Asking the impossible
> Grok's human creators appear to have failed to prevent it from creating posts that remove the clothing from real people in real photos when asked to do so.
More to the point:
Grok's human creators have absolutely no idea how to ... prevent it from creating posts that remove the clothing from real people in real photos when asked to do so. Or any other unwanted outputs.
The underlying models are completely opaque. Nobody, but nobody, has any knowledge of what fiddling with any given nadan of the bejillions of so-called parameters will do (without just trying it and hoping it'll get involved in processing a test prompt). Let alone inverting that and calculating the *complete* set of changes that'll *reliably* ensure a *desired* change in the results[1]. And if they *do* luck upon an observable result[1, again] the next bit of training will jumble it all up again.
So they can't honestly claim to be modifying the contents of the LLM to remove the ability to do the Bad Thing[2].
Leaving them with trying to bolt on external filters - but made of what? What do they have that could possibly do that job? Something that can parse and comprehend the natural language prompt?
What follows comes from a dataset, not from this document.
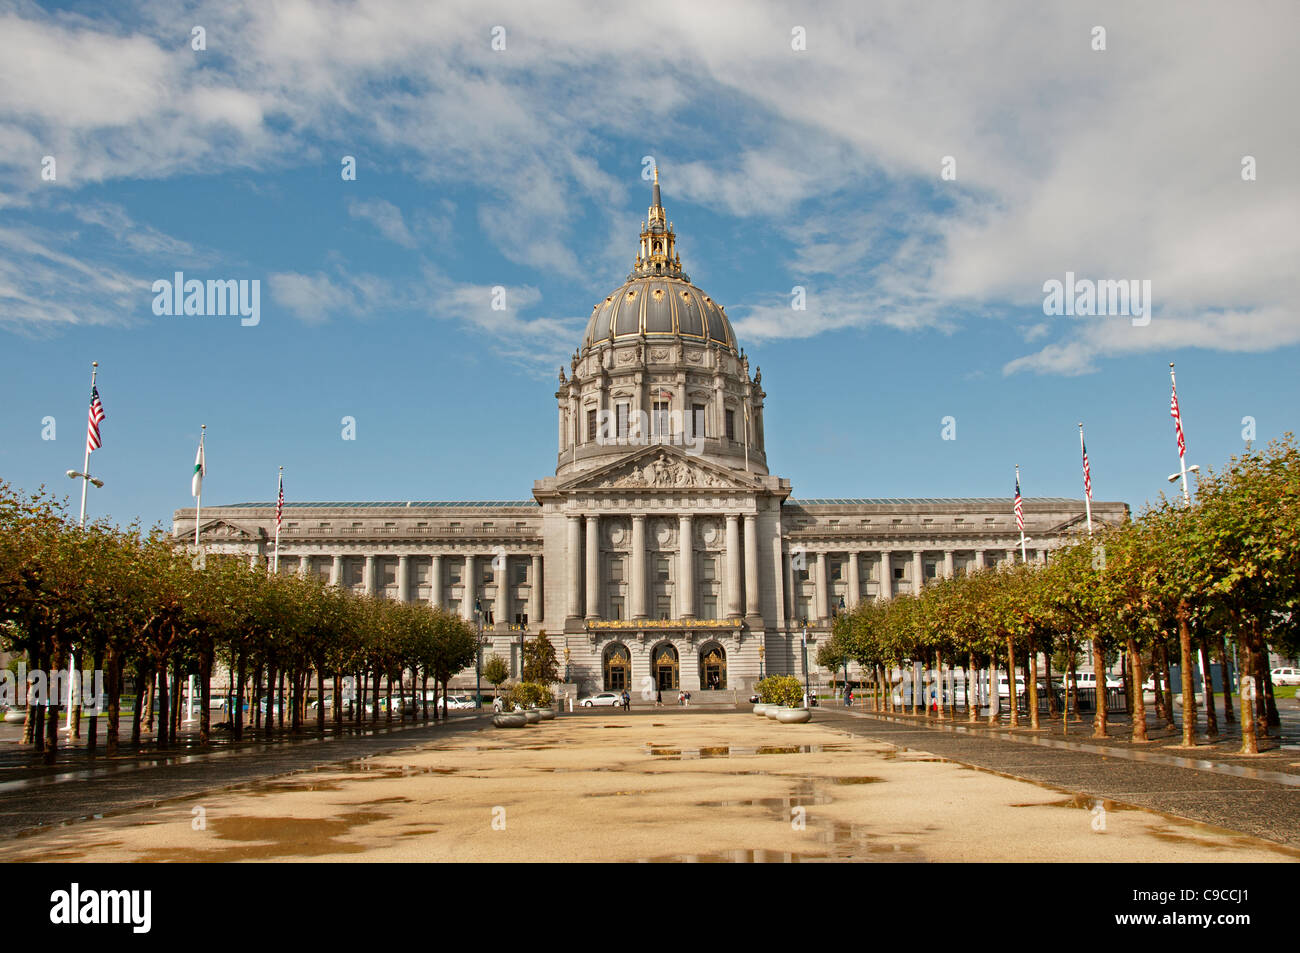 City Hall Civic Center San Francisco California USA American United States of America Banque D'Images

But if they had that, why prat about with LLMs in the first place?
The whole "we are adding guardrails" spiel just sounds like wishful thinking (if not outright delusional thinking or, say it softly, simple fraud).
[1] there was an article on El Reg a while back (sorry, ref not hand) where one research group claimed to have found a nadan where "the concept of Paris" (IIRC) was stored and changed it so that the model inserted "London" instead (at least, for their test prompts), but that was no more than finding where one string token's id number had been stored and changing it for another, like getting the id wrong in a case-statement that prints a readable value for an enum. AND there wasn't anything presented there to definitively prove that their model didn't contain another activation path which led to another instance of that id, which hadn't been changed, so still got converted back to the string "Paris".
[2] even if they tried an approach like an ice-pick lobotomy (e.g. a less nonsensical version of "feed in a prompt and if it generated a Naughty Result, look for the 'parameters' that were involved and set them all to zero") they'd need to send in every single possible variation of that prompt; good luck with that.